A number of game developers have already shared their less-than-positive views on Windows 8, slamming Microsoft's new interest in ruling the PC gaming market through proprietary services. Croteam's chief technical offer Alen Ladavac has joined the fray, echoing Gabe Newell's fears.
"Gabe Newel did not overreact," he told the Steam community. "What you don't see here is that, under the hood, the new tiled UI is a means for Microsoft to lock Windows applications into a walled garden, much like the one on iOS. There is this 'small detail' that Microsoft is not advertising anywhere, but you can find it dug deep in the developer documentation.

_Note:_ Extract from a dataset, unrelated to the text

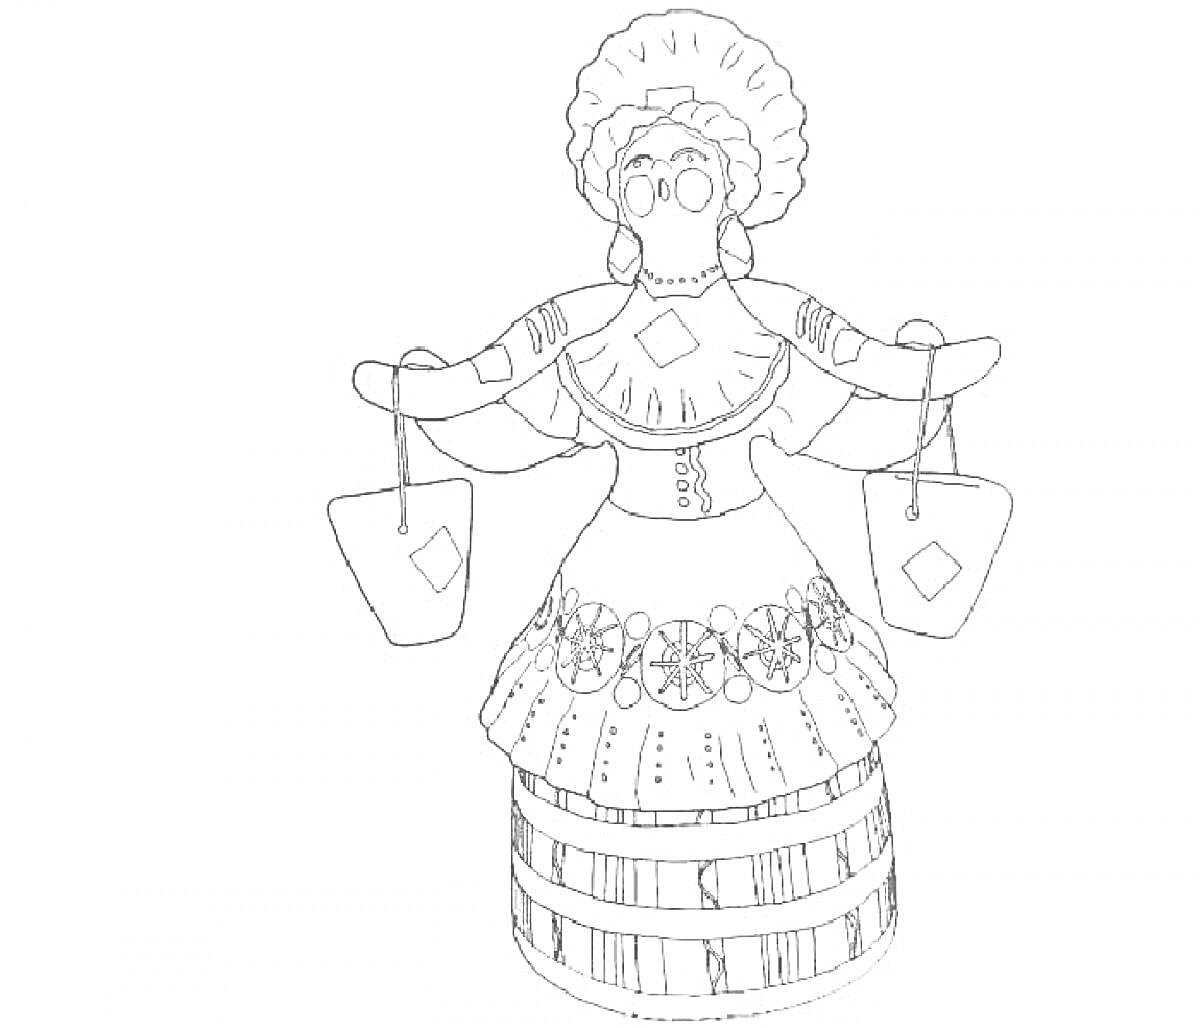 Женщина в традиционном наряде с ведрами на коромысле, головной убор с оборками, юбка с узорами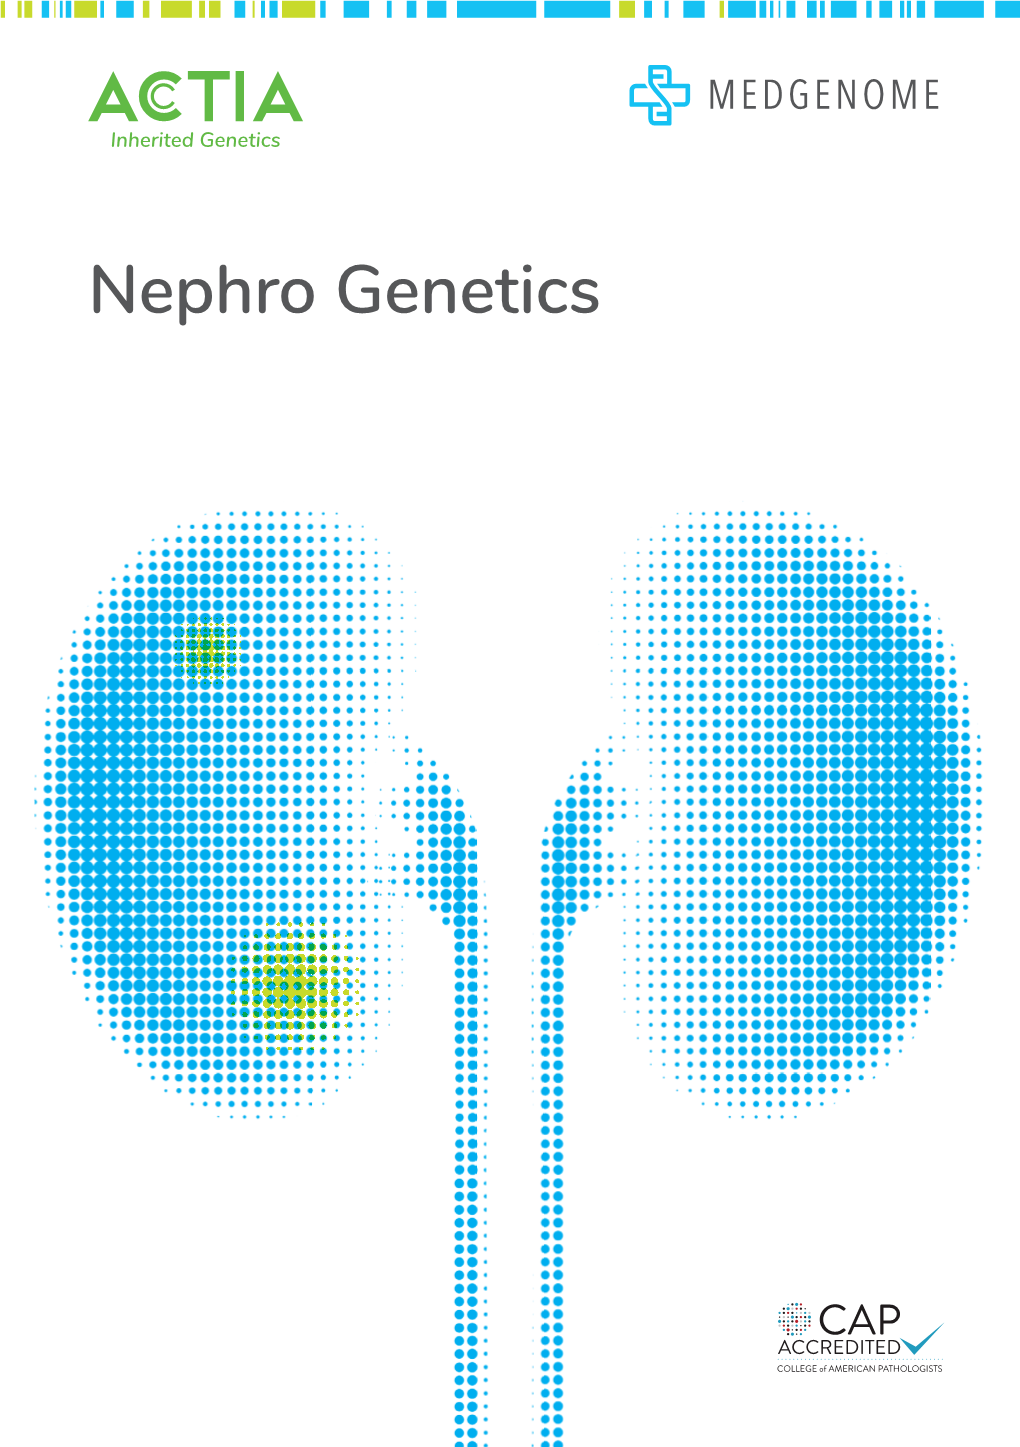 Nephro Genetics Actia Nephro Inherited Genetics Genetics

"One cannot release a tiled UI application by any other means, but only through Windows Store! I cannot even begin to stress out just how horrible this idea is! There is no side-loading, except for corporate use inside one company, and that works only on the enterprise edition of Windows 8. Do we all understand what that means? You cannot download an application from the Internet and run it on your computer. You have to get it from Microsoft's store. Even if it is a free app!"
Ladavac continued, explaining that the worst part of the new clause was that Microsoft gets to say what is and isn't allowed on its storefront.
"If it was just about 'being downloaded from Windows store', it would not be a problem. It would be nice to have a common hub to download things from. But to get an app onto that store, it has to be certified by MS. This means bringing the 'console experience' onto your desktop. Each app that you will get through the Windows Store will have to adhere to certain requirements imposed by MS.
"So far, we know that they've banned mature games, like Skyrim, CoD, and Serious Sam. They have forbidden modding. They could very well forbid Open Source if they want. But even if these terms were not there, this is still a certification system. With all of its downsides, including uncertain release dates, rare and late patches, and everything turning out to be more expensive and sucking more."
The main problem, stresses Ladavac, is that this is Microsoft shoving its foot in the door of online distribution. Desktop applications are supposedly exempt from these new rules, but it's feared that by the next iteration of Windows, Microsoft will pull the trigger and control everything that we download and run on the OS.
"Certification is a broken concept and should be abolished," added the CTO. "Now, while in current state Windows 8 do look like they support plain desktop apps seamlessly, the removal of start menu and use of 'charms' even on the desktop looks like a pretty blunt attempt to force users to 'get used' to the tiled UI. It would be fine by me if it wasn't for the aforementioned certification issue.
"So, it is a vicious circle. And not an accidental one. This one was carefully designed to be that way. I say: no thank you, I'll skip on that one."
My problem with Windows 8 is very much the same as Ladavac's. While the OS in its current form isn't quite the controlled police state that Apple likes to run, it shows a disturbing interest on the part of Microsoft in having that kind of environment. Windows 8 looks like the beginnings of a slippery slope -- and considering PC has increasingly become my refuge from the restrictive bullshit that has afflicted console gaming, I'm not happy about it. Not one bit.
Please don't ruin PC gaming for us, Microsoft. You've done enough to shit on it already, haven't it?